# Finally but...



## DNL2448 (Feb 13, 2009)

Finally I got to do some training with Dooley, but alas, it has been a long time. We got into a quasi routine in the new place so grabbed our dummy launcher and a couple bumpers and set out to the field to stretch both of legs and de-stress from the move. 

Well, you know, you gotta train daily (or close to it), to keep that sharply tuned canine companion. Dooley tried and had A LOT of fun but, in my mind, I'm kicking myself for not making more time to get the dogs out. 

So, my mission, should I choose to accept it (and I do) is to get out there and work with Doo and Breeze, at least 5 times a week, until we can get back to form. And my timing couldn't be better...Just in time for the snow to fly! At least in our new place, we have a large shop I can work in. 

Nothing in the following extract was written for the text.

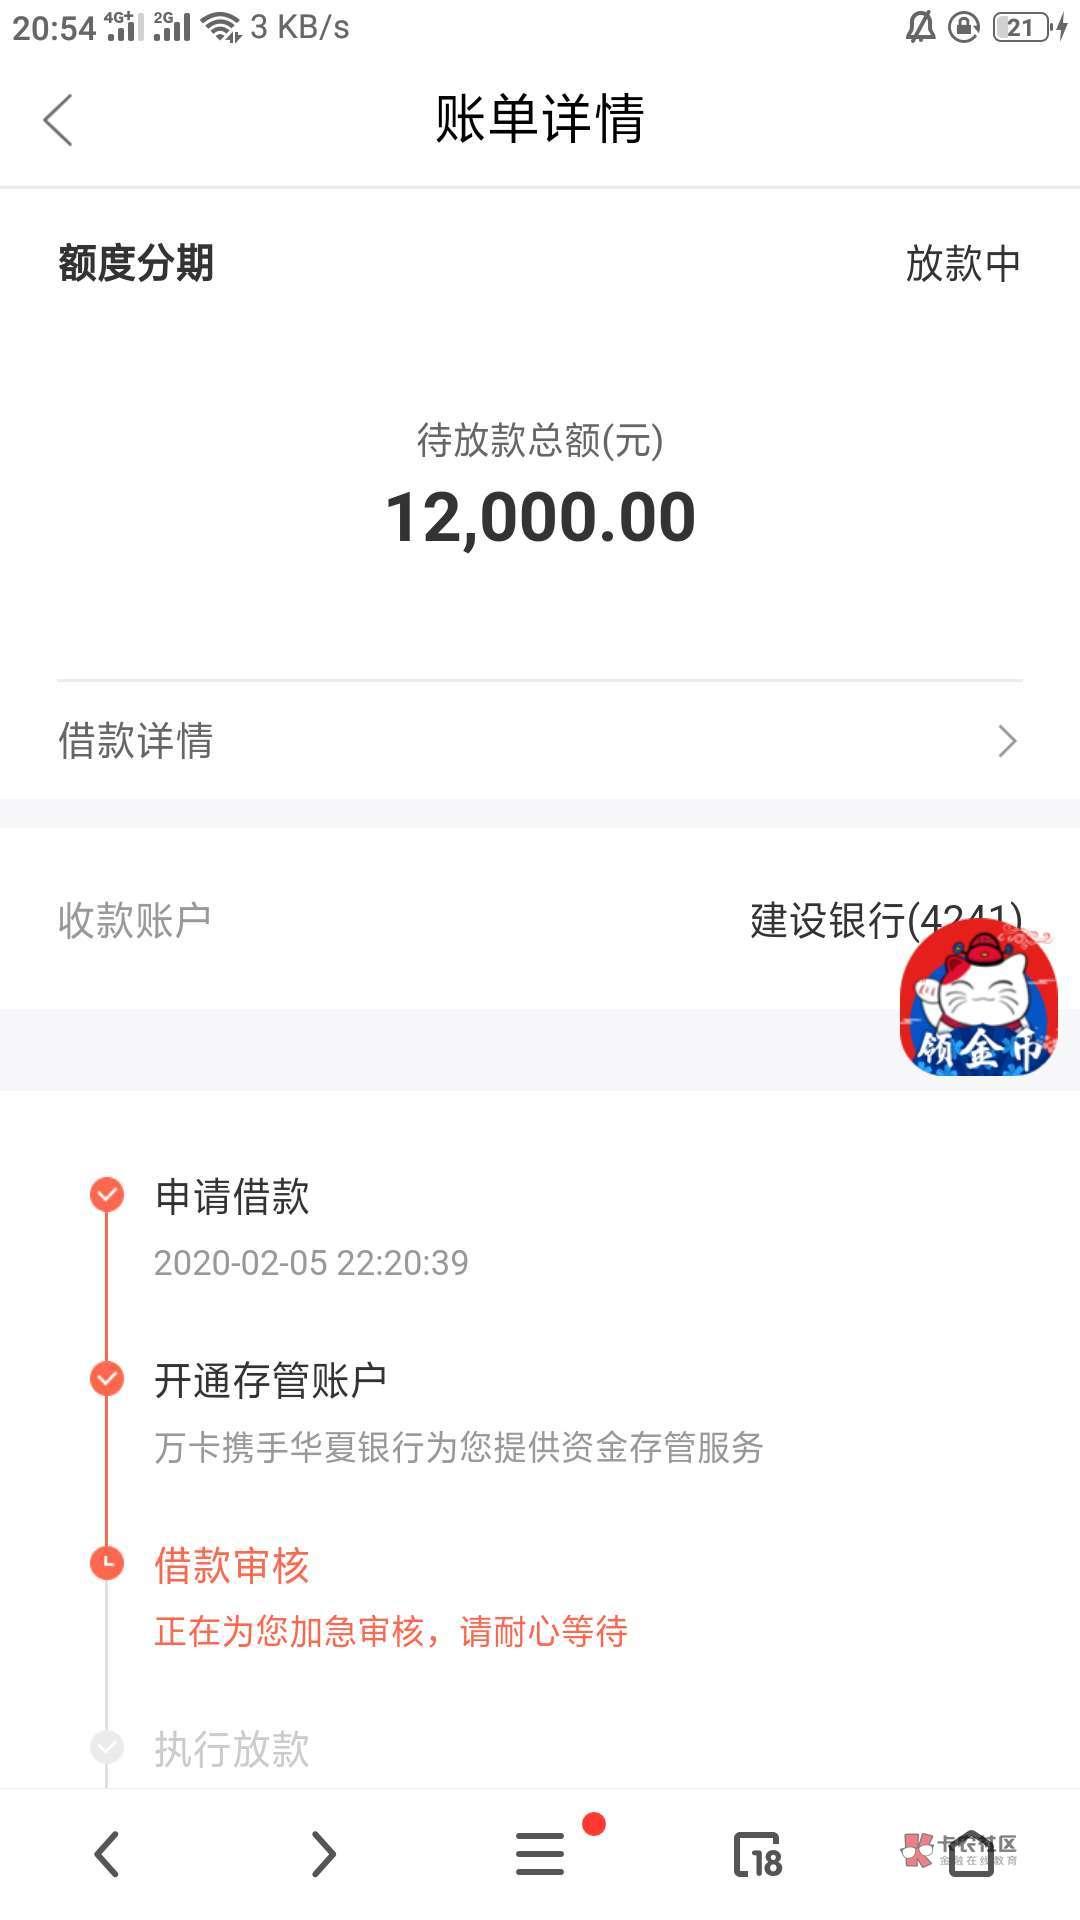 玖富万卡显示放款成功了,怎么点进去还是显示放款中,钱也没到账。有老哥知道情况的吗59 / 作者:tangfeng5646467 /

Glad to be back to the forum as well. Talk to you all later.


----------



## GoldenSail (Dec 30, 2008)

Alright now we'll have to make sure you keeping on top of it


----------



## sammydog (Aug 23, 2008)

Missed you Laura!!! Glad to hear the move is over and you can get back to some training, looking forward to hearing from you more often!


----------



## hotel4dogs (Sep 29, 2008)

so glad to see you back. We expect progress reports 5 days a week...that'll keep you doing it!


----------



## DNL2448 (Feb 13, 2009)

Yes, GoldenSail and all...Please help me keep on top of it (except for today and tomorrow, I have Corporate visitors at work and am not getting home until after dark. 

Sammydog, we are far from done moving, however it is just odds and ends, and four outbuildings. These we can do at our conveniance. And, its good to be back.

Hotel4dogs, okay, starting Thursday, I'll try to give a nightly report. Maybe, I'll just send them over to you. Maybe a little time with the famous Tito would do them some good!


----------